A small claim against a public body based on alleged negligence may raise issues which are of great importance to such a body. In particular, whether or not a duty of care exists in a given set of circumstances may concern a public body because of the possibility that, if it does, many other claims may materialise. It is therefore possible that a small claim may give rise to important issues which will inevitably mean that the costs of litigation exceed the value of the claim. Sometimes that can be dealt with by an order that the public body, which has the real interest is establishing a point of importance to it, should pay costs above an amount appropriate to a small claim in the County Court in any event. Equally, a litigant must realise that, if he chooses to bring a claim which is not clear cut, he may find himself liable to pay for it. And it must always be borne in mind that Article 6(1) of the E.C.H.R. requires that everyone is entitled to a fair and public hearing by an independent tribunal, which will often be a court. He should be warned of the dangers and the potential expense and, if it is disproportionate to pursue a claim, he will not be granted public funding. But he cannot be prevented from pursuing a claim simply because it seems that to do so would not be cost effective.

11.

I understand the concerns of the defendants that this claim may, if it succeeds, produce an increase in the cost of a Traffic Regulation Order. So far as this Order is concerned, no other claims are likely under s.7 of the 1998 Act since any such claim would have to be brought within one year of the act complained of (s.7(5)(a)). I find it difficult to envisage any circumstances which would persuade a judge to allow any further claim to be made if this one succeeds in the exercise of his discretion under s.7(5)(b).

12.

I turn now to consider the application for summary judgment. Miss Carrington accepted that I would not determine any factual issue and so should make my decision on the assumption that the claimant was able to substantiate his assertions. There is in the bundle much evidence from the defendants which establishes that there was extensive consultation about the proposed order. It is said that it has resulted in considerable advantages to Reading in speeding up traffic flows and in particular in improving bus journey times. There is an issue about that. Environmental matters such as air quality were considered, but it does not seem that possible increases in noise levels for those living in London Road were explicitly taken into account.

13.

There is no doubt that noise resulting from schemes implemented by public authorities is capable of interfering with the right to private life within the meaning of Article 8(1). In Hatton v United Kingdom (2003) 37 E.H.R.R. 611 at paragraph 96 on p.633 the Court said this:-

“Article 8 protects the individual’s right to respect for his or her private and family life, home and correspondence. There is no explicit right in the Convention to a clear and quiet environment, but where an individual is directly and seriously affected by noise or other pollution, an issue may arise under Article 8”.

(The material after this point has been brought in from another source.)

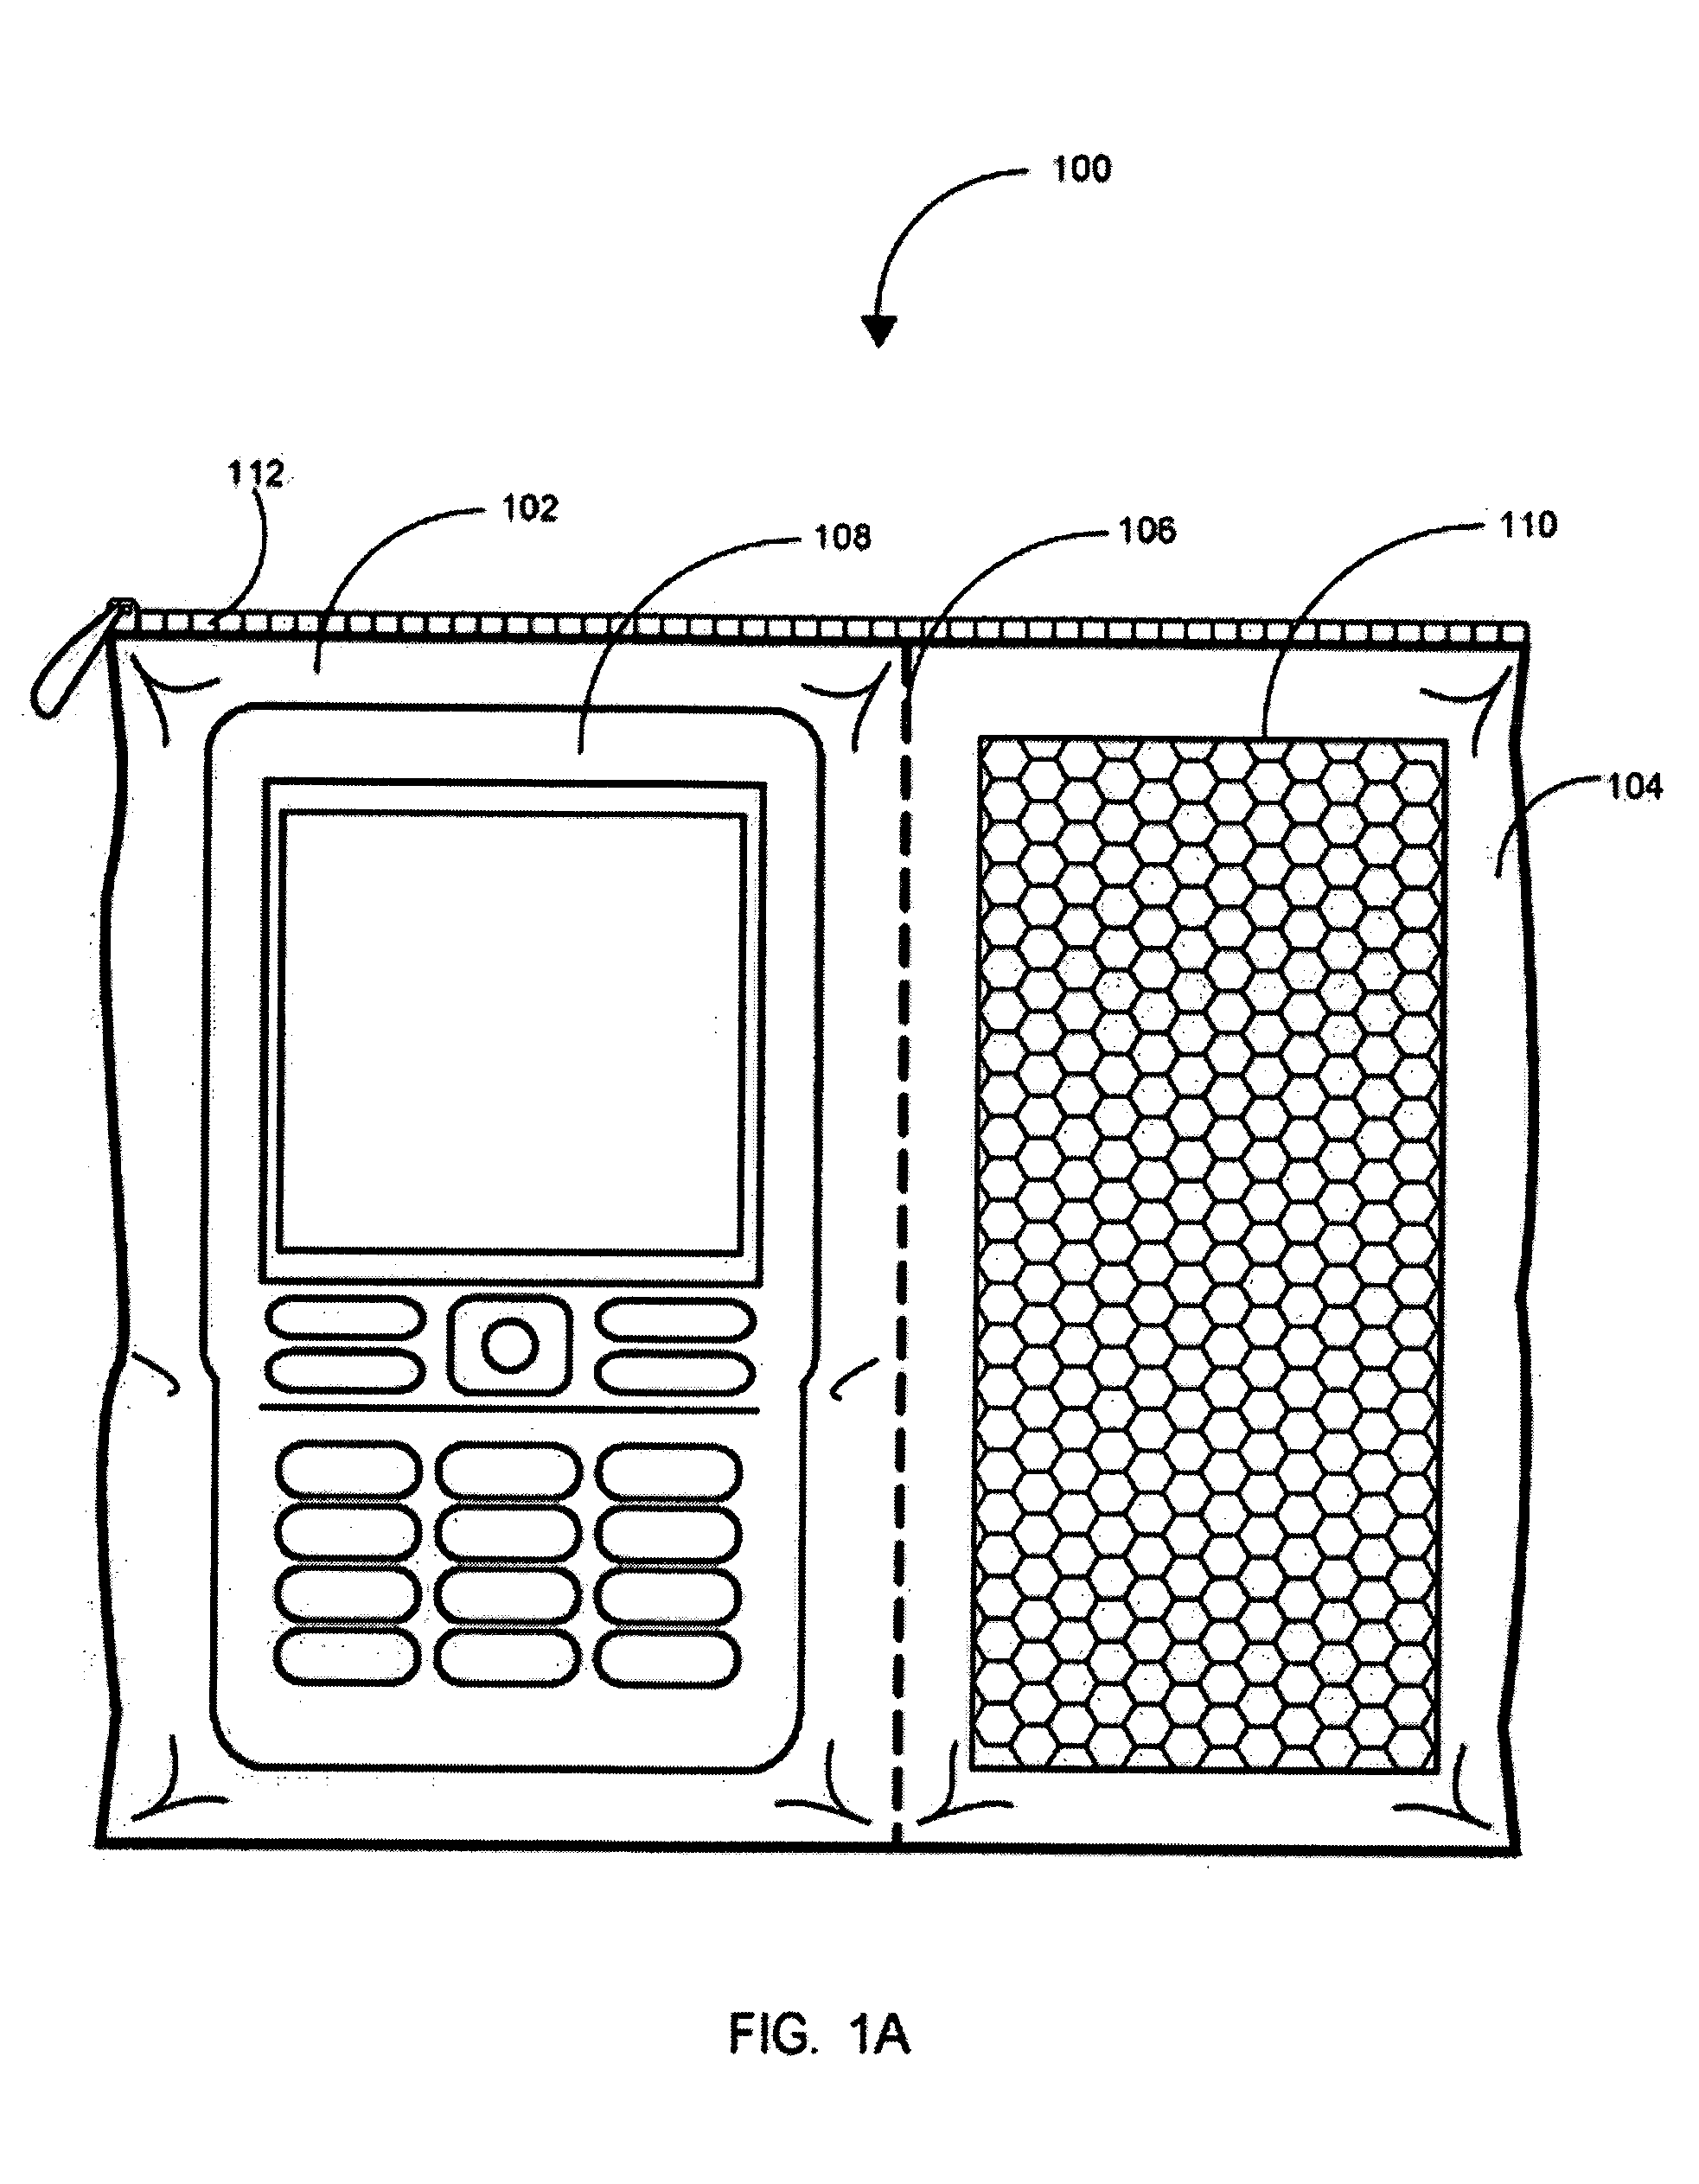 Apparatus and method for removing moisture from portable electronic devices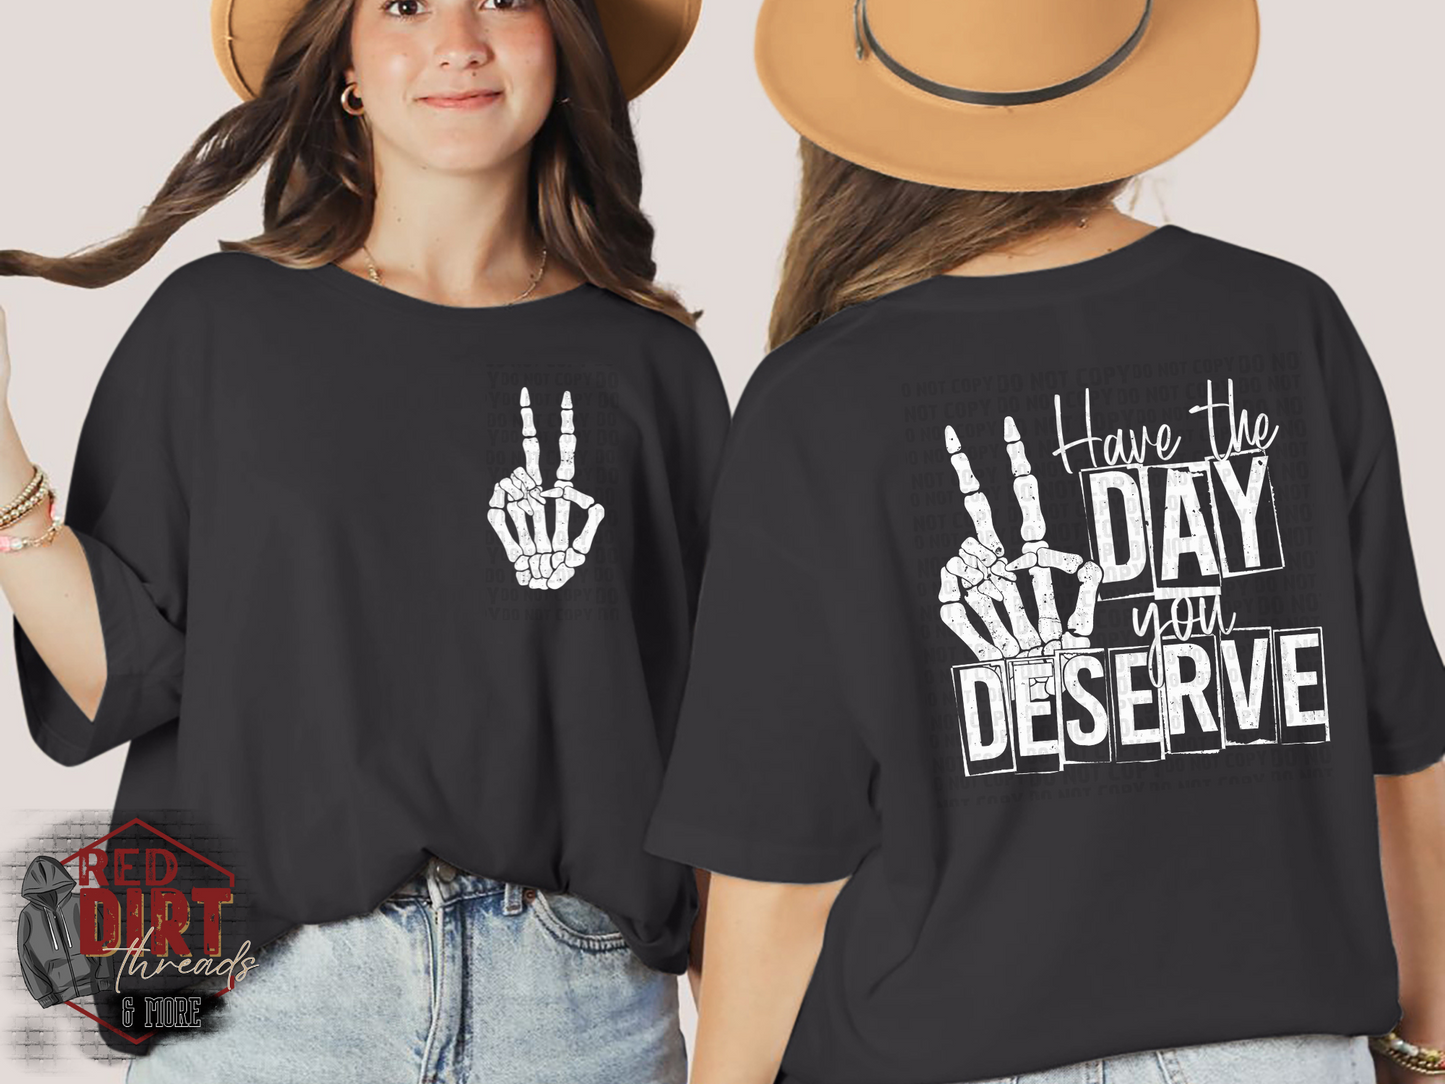 Have The Day You Deserve T-Shirt | Uplifting/Mental Health Shirt | Fast Shipping | Super Soft Shirts for Men/Women

Aircraft noise is undoubtedly often more intensive than traffic noise, but I have no doubt that an increase in traffic noise which seriously affects an individual may engage Article 8. Whether the increased level of noise in this case does cross the threshold is a matter of fact which will depend on the assessment of the claimant’s and his family’s evidence coupled with the objective evidence of the actual levels. Miss Carrington has submitted that an increase of 1dB(A) is minimal, but that seems somewhat inconsistent with the test applicable under the 1975 Regulations. The claimant says that the increase in noise did make life intolerable and required insulation measures. If that evidence is accepted, Article 8(1) may be breached. It cannot be said at this stage that there is no real prospect that such a breach will be established.

14.

That will not get the claimant home. The defendants rely on Article 8(2) and say that it is clear beyond argument that the Order was justified and that its benefits outweigh the adverse impact on the claimant. A fair balance has to be struck between the competing interests of the individual and of the community as a whole. The defendants must be afforded a generous measure of discretionary judgment provided, of course, that all relevant matters are taken into account. And any measures approved by Parliament must also be given their proper weight. But, as Hatton v United Kingdom makes clear, a relevant factor in assessing whether the right balance has been struck is the availability of measures to mitigate the effects of noise: see paragraph 127 on p.643. In that case, the measures in question related to reduction of aircraft noise generally, but they included noise insulation grant schemes and compensation for noise nuisance under the Land Compensation Act 1973.

15.

Miss Carrington submits that the 1975 Regulations show that Parliament has considered the scope of grant schemes in relation to road traffic noise and has not extended it to the sort of Order with which this claim is concerned. It is unlikely that Parliament in 1973 and 1975 considered proportionality within the meaning of Article 8(2) and in any event it is by no means certain that the defendants would be unable to make grants if to fail to do so would result in a breach of an individual’s human rights. I have been pressed with Marcic v Thames Water Utilities Ltd [2003] 3 W.L.R. 1603. In that case, there was an elaborate scheme of regulation under an Act of Parliament which was intended to deal with the problems which would undoubtedly occur due to the state of the sewage system in London and the need to spend considerable sums of money to upgrade it. It was recognised that individuals would from time to time suffer from overflows or back up of sewage, but the scheme was intended to place obligations on the sewage undertaker which were considered overall to be fair and which would inter alia avoid incurring expenses to the detriment of subscribers as a whole. The Regulator established by the Water Industry Act 1991 was given powers to make an enforcement order if he considered that the sewage undertaker was not complying with its duty under the Act. That scheme precluded a claim for damages and did not in the circumstances breach Article 8. At paragraph 71 on p.1622, Lord Hoffmann said:-

“[Hatton]makes it clear that the Convention does not accord absolute protection to property or even to residential premises. It requires a fair balance to be struck between the interests of persons whose houses and property are affected and the interests of other people, such as customers and the general public. National institutions and particularly the national legislature, are accorded a broad discretion in choosing the solution appropriate to their own society or creating the machinery for doing so. There is no reason why Parliament should not entrust such decisions to an independent regulator such as the director. He is a public authority within the meaning of the 1998 Act and has a duty to act in accordance with Convention rights. If (which there is no reason to suppose) he has exceeded the broad margin of discretion allowed by the Convention, Mr Marcic will have a remedy under section 6 of the 1998 Act. But that question is not before your Lordships. His case is that he has a Convention right to have that decision as to whether new sewers should be constructed made by a court in a private director in the exercise of his powers under the 1991 Act. In my opinion there is no such right”.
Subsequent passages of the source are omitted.